3. First-Class Integration with the AI Services You Already Use

Here's the part that's most relevant to me as a developer building on top of APIs: Python integrates natively with the big AI platforms.

Cloud providers like Amazon AWS (SageMaker), Microsoft Azure, and Google Cloud all offer Python SDKs as their primary interface for ML workloads. And when it comes to language models, you can integrate directly with the OpenAI API — meaning you can query GPT models, build custom chatbots, and pipe AI responses directly into your application logic, all from Python code.

from openai import OpenAI

client = OpenAI()

response = client.chat.completions.create(
  model="gpt-4o-mini",
  messages=[{"role": "user", "content": "Explain neural networks simply."}]
)

print(response.choices[0].message.content)

No browser required. No copying and pasting from a UI. The model becomes a callable function in your codebase.


The Honest Tradeoffs

I'm a big believer in understanding limitations, not just selling the dream. Python isn't perfect.

It uses a lot of memory. Compared to Java or C, Python's memory footprint is significant — something to watch in applications that need tight optimization.

It's slow by compiled-language standards. Python is interpreted, which means it'll always trail C or C++ in raw execution speed. For real-time processing of huge data streams — think analyzing millions of social media events per second — that matters.

The right tool for the right job still applies. Python is exceptional for data pipelines, model training, and AI experimentation. For high-performance systems software, you'd still reach for something lower-level.


What This Means For Me as a JavaScript Developer

Coming from the JS ecosystem, I had some assumptions to unlearn.

In JavaScript, I'm used to thinking about async/await, event loops, and non-blocking I/O. Python's async story exists but feels more like an afterthought than a core primitive. The mental model is different.

But the thing that surprised me most wasn't a technical difference — it was a philosophical one. Python has a readability-first philosophy baked into its culture from the beginning. The idea that code should be:

  • Clear — include only what's necessary
  • Sparse over dense — many small blocks, not one monolithic chunk
  • Documented — comments as first-class citizens, not afterthoughts
  • Simple — "Simple is better than complex. Complex is better than complicated."

That last line is from the Zen of Python, a set of guiding principles embedded in the language itself. You can read it any time by running import this in a Python shell.

As someone who's had to untangle JavaScript codebases written with no regard for readability, that philosophy resonates deeply.


Where I'm Taking This

I'm studying this as part of the AI specialization program at UFPR, and the further I get, the more I see how Python unlocks possibilities that felt abstract before. Not just writing ML models from scratch, but integrating AI capabilities into real products — the kind of integrations that are becoming table stakes in software development.

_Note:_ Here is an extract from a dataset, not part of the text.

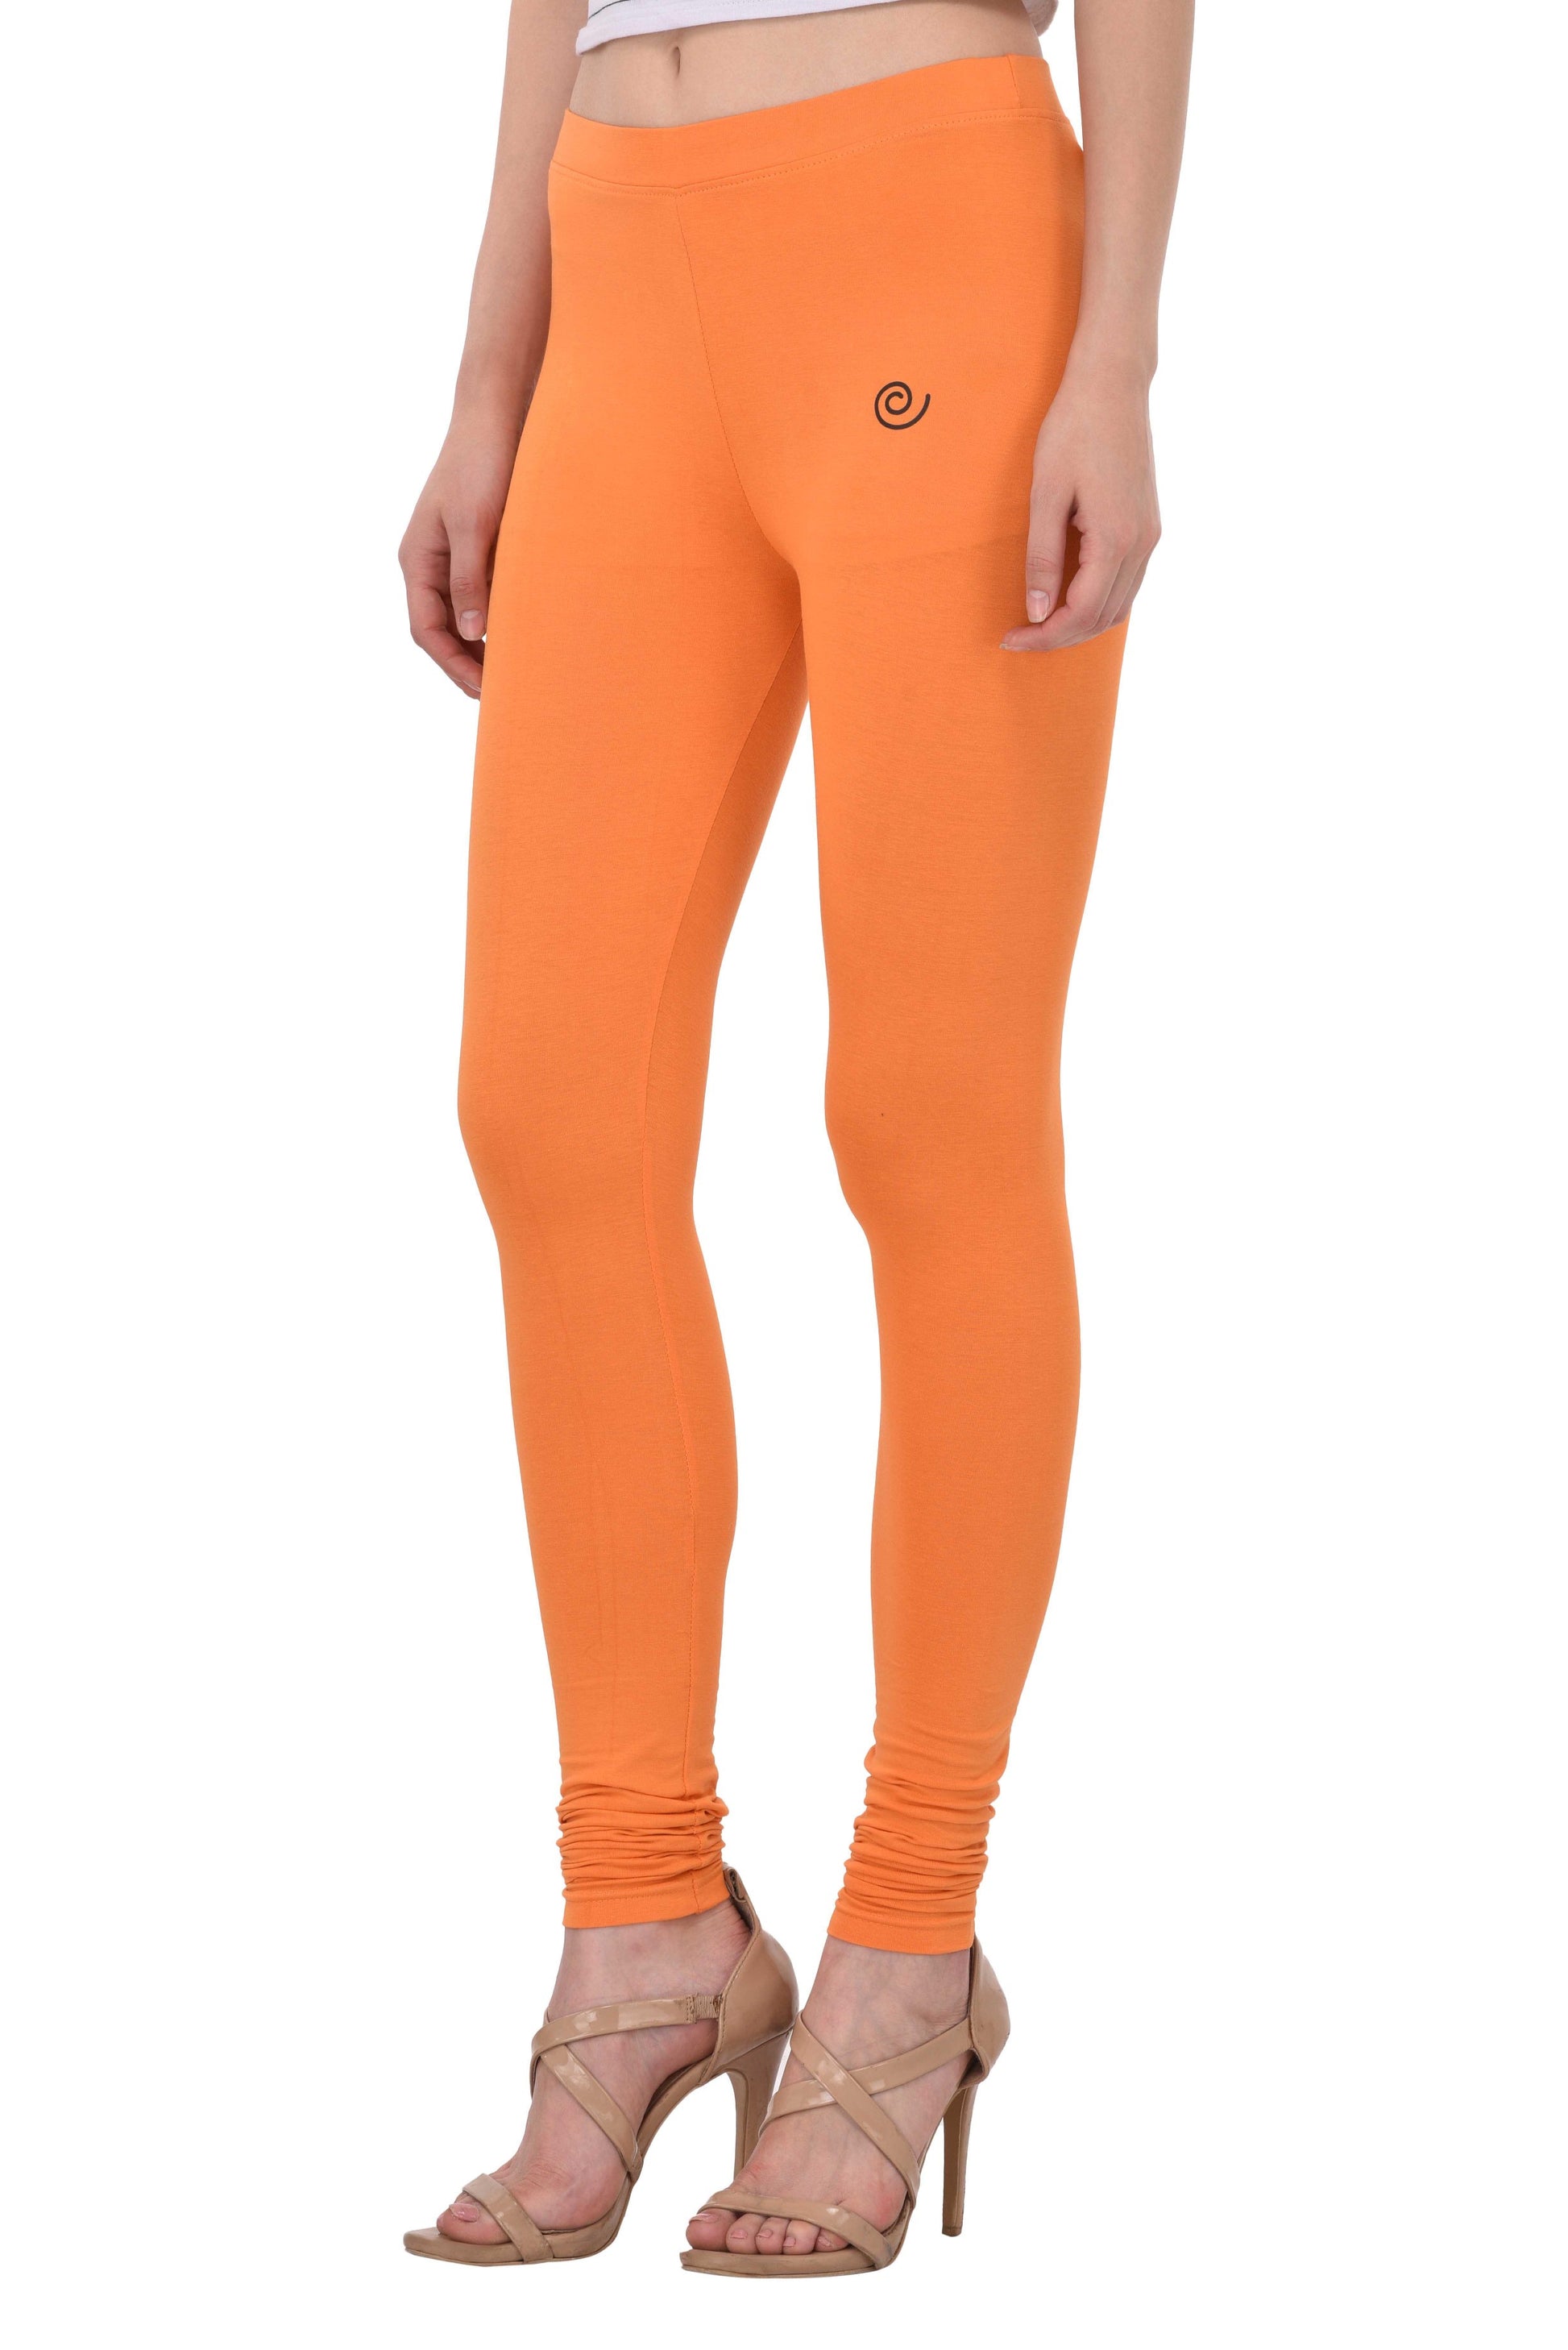 Diti Mandarin Orange Cotton Leggings for Women Diti
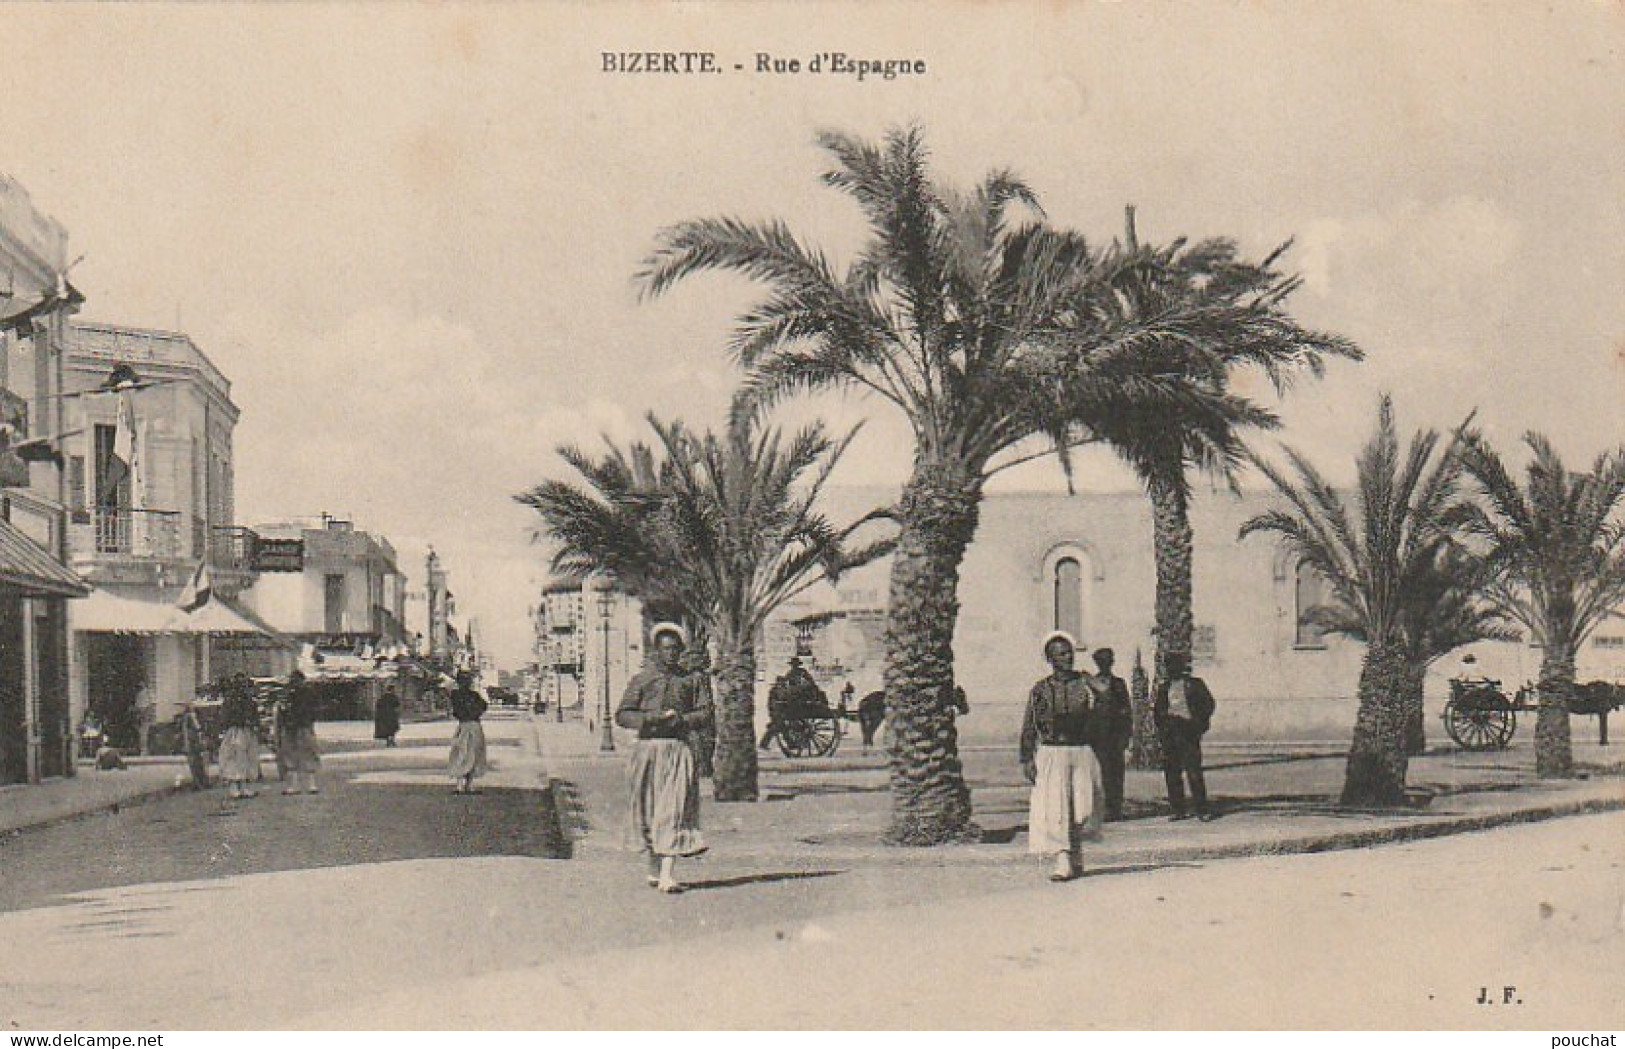 ZY 103- BIZERTE ( TUNISIE ) - RUE D' ESPAGNE - ANIMATION - 2 SCANS - Tunisie

If you're a web developer who hasn't touched Python yet, now is a genuinely good time to start. The barrier to entry is low. The upside is enormous. And the community — from Python Brasil to PyLadies to Stack Overflow — is one of the most welcoming in tech.

The snake is worth learning.

This post is based on my notes from IAA002 — Applied Programming Language at UFPR (Universidade Federal do Paraná), a course in my Artificial Intelligence postgraduate specialization.